The source of such zeal comes from one of bitcoin’s foundational principles. Like a precious metal, there is only a finite amount of it in digital existence. And as time goes on, and more are discovered, it gets harder and and more power-intensive, to ‘discover’ them.

In stark contrast, cash remains at the whims of, in Howells’ eyes, untrustworthy and irresponsible central banks. “2008 was a ‘black swan’ event – they printed money,” he says. “Covid was a ‘black swan’ event – they printed money. The next so-called black swan event happens, what do you think they’ll do? They’ll print more money.”

Bitcoin is the only rational counterbalance to states’ addiction to debasing their currency in Howells eyes, and he feels obliged to spread the word through his native Wales should he salvage his digital fortune.
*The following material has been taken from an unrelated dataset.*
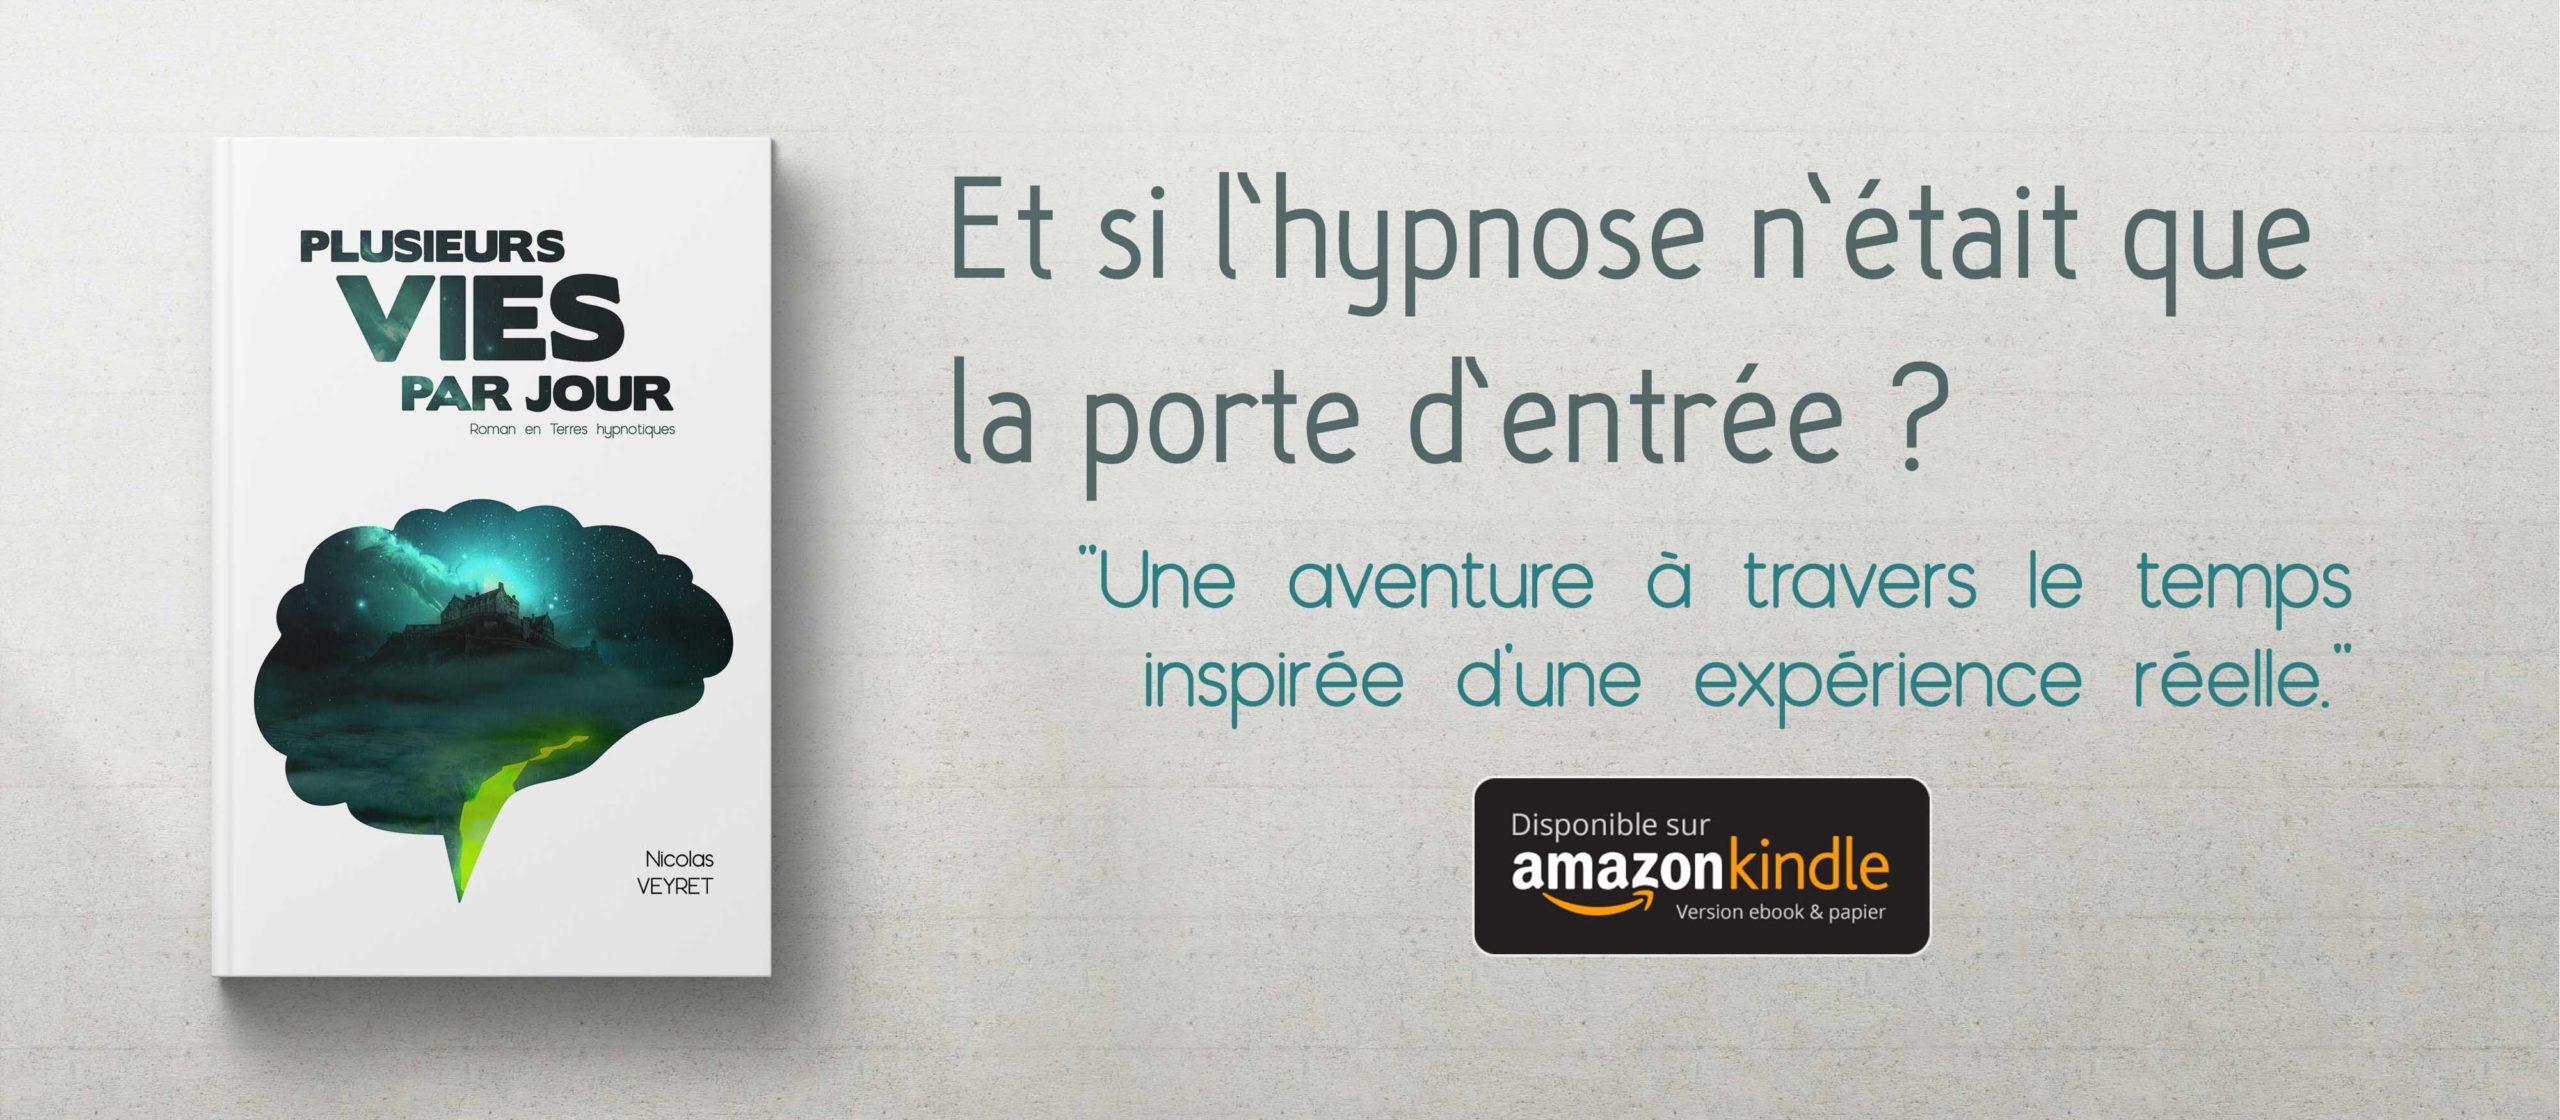 Plusieurs vies par jour - Roman en Terres hypnotiques - Disponible sur Amazon Kindle en version ebook et papier

“I want to use the wealth to transform South Wales into a crypto hub,” he says, laying out a vision where all the area’s local businesses are set up to accept crypto, its local schools host cryptocurrency education programmes, and its high streets boast permanent walk-in blockchain surgeries.

One senses, given the enthusiasm with which he lays out his lofty vision, that on top of the financial reward and sticking it to an intransigent council, this moral mission is a third driving factor in James Howells’ crusade. Or, as he puts it: “It would be like teaching the people of South Wales how to fish.”

For now, though, his pipe dream remains just that. And before any of it can come to fruition, there are the small matters of winning a landmark court battle, sorting through 100,000 tons of rubbish and finding a hard drive worth £769m.

But far more important than any of that: he also needs to prove a point.